▶ **GIVEN DATA**:
※ ※ ※
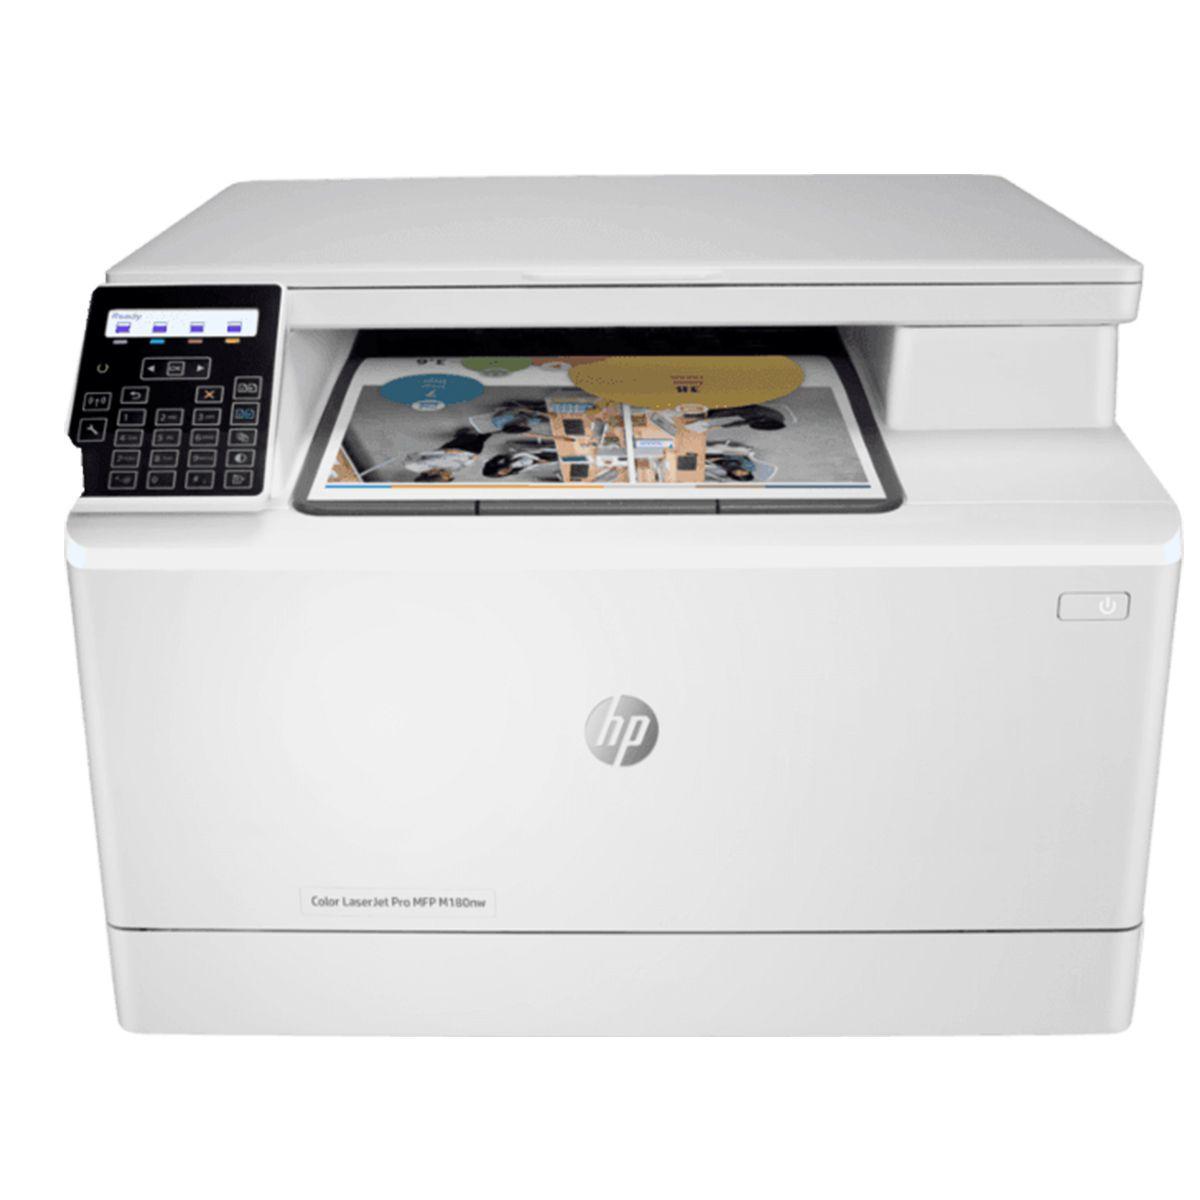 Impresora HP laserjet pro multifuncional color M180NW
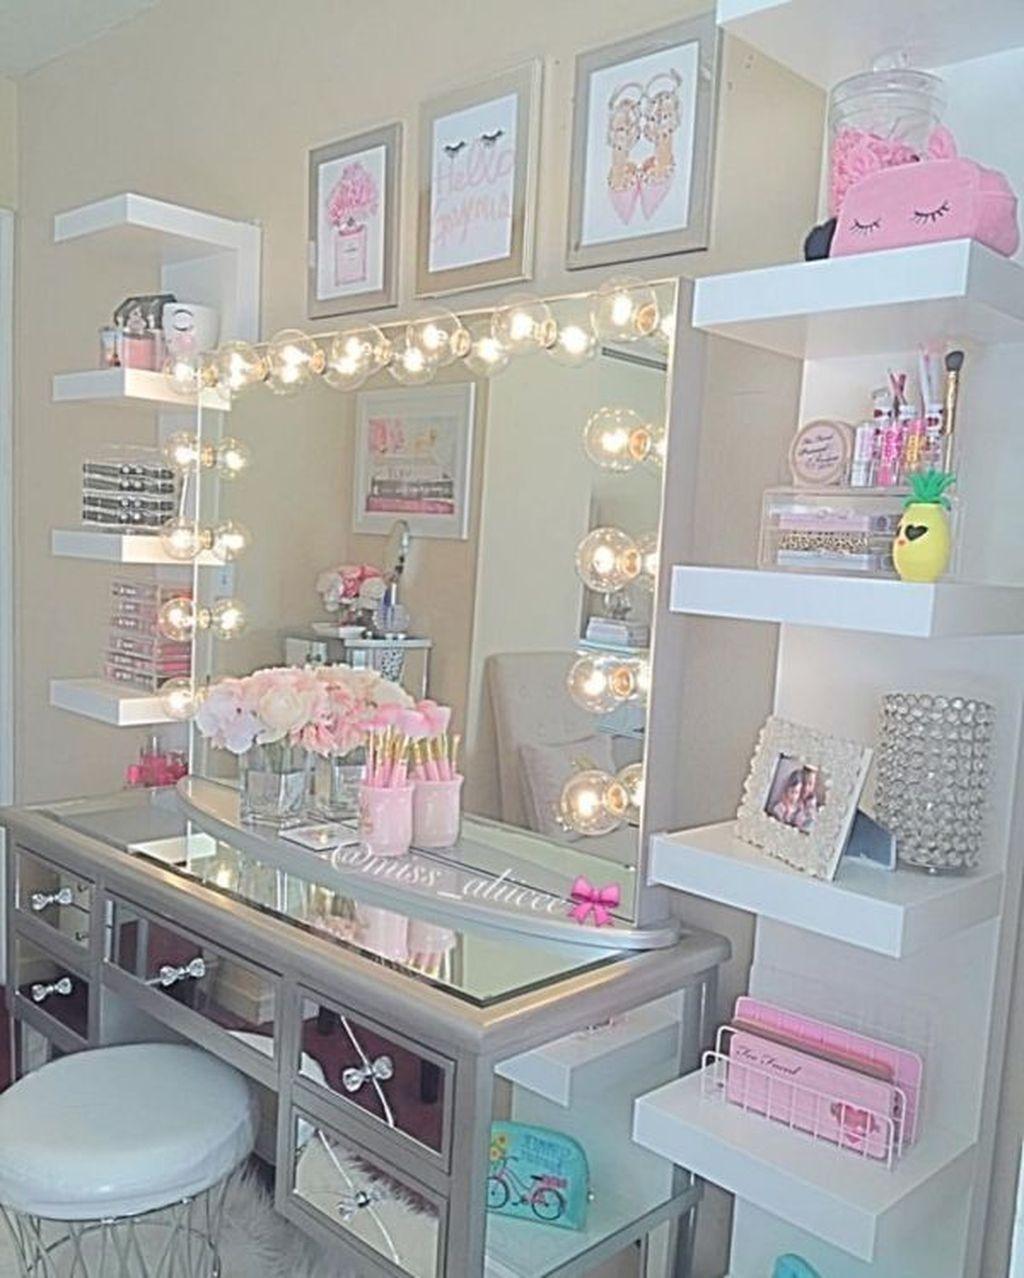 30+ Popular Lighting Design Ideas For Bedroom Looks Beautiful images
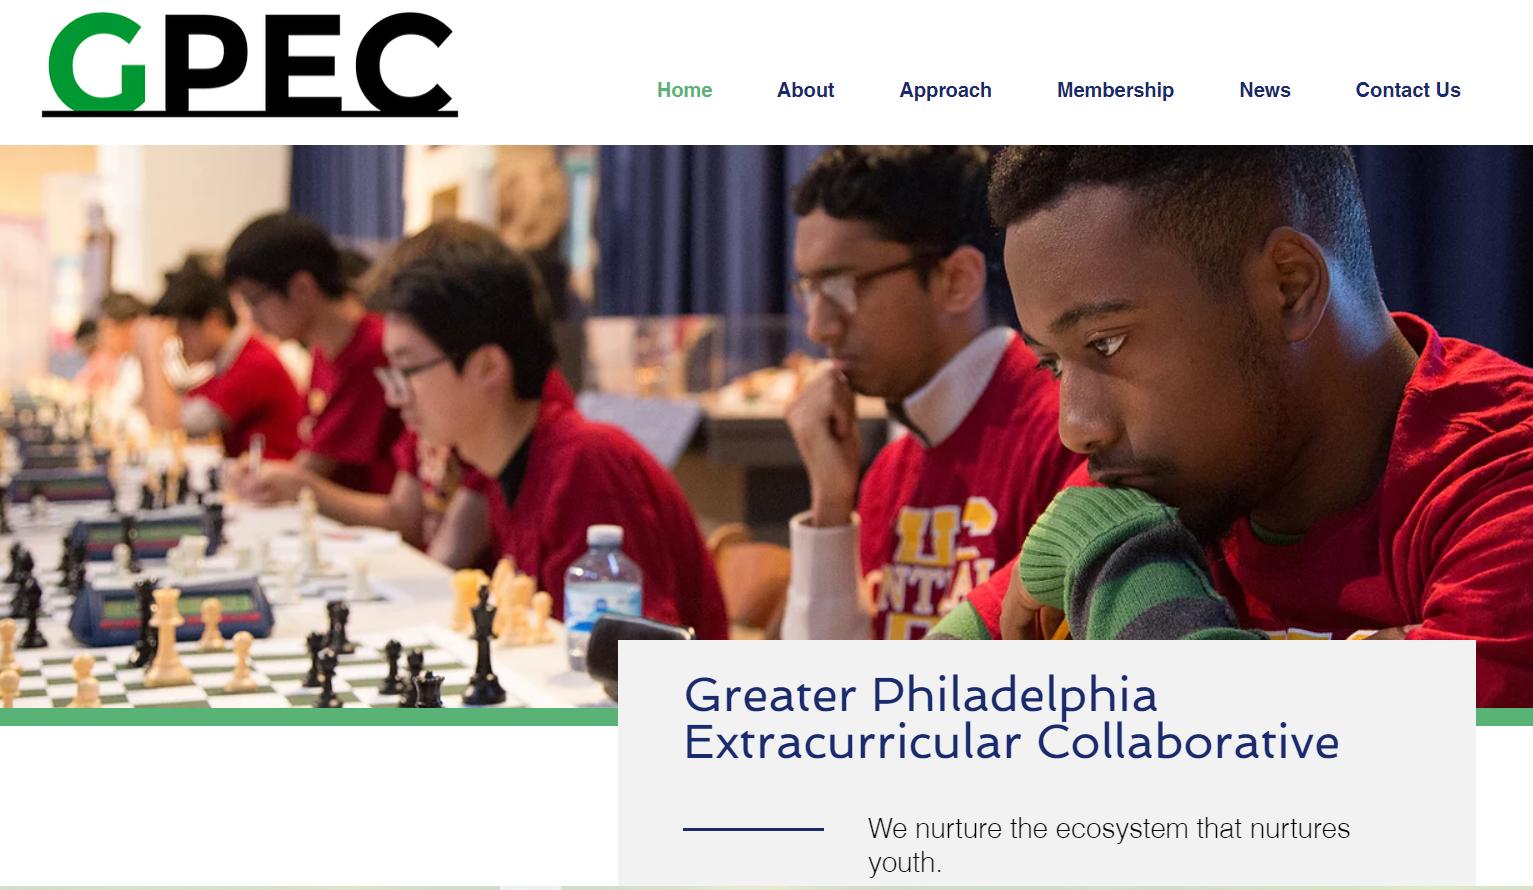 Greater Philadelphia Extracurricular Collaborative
※ ※ ※
▶ **TASK OBJECTIVE**:
Restate every line above exactly, omitting images.

▶ **FINISHED EXERCISE**:
 Impresora HP laserjet pro multifuncional color M180NW
 30+ Popular Lighting Design Ideas For Bedroom Looks Beautiful images
 Greater Philadelphia Extracurricular Collaborative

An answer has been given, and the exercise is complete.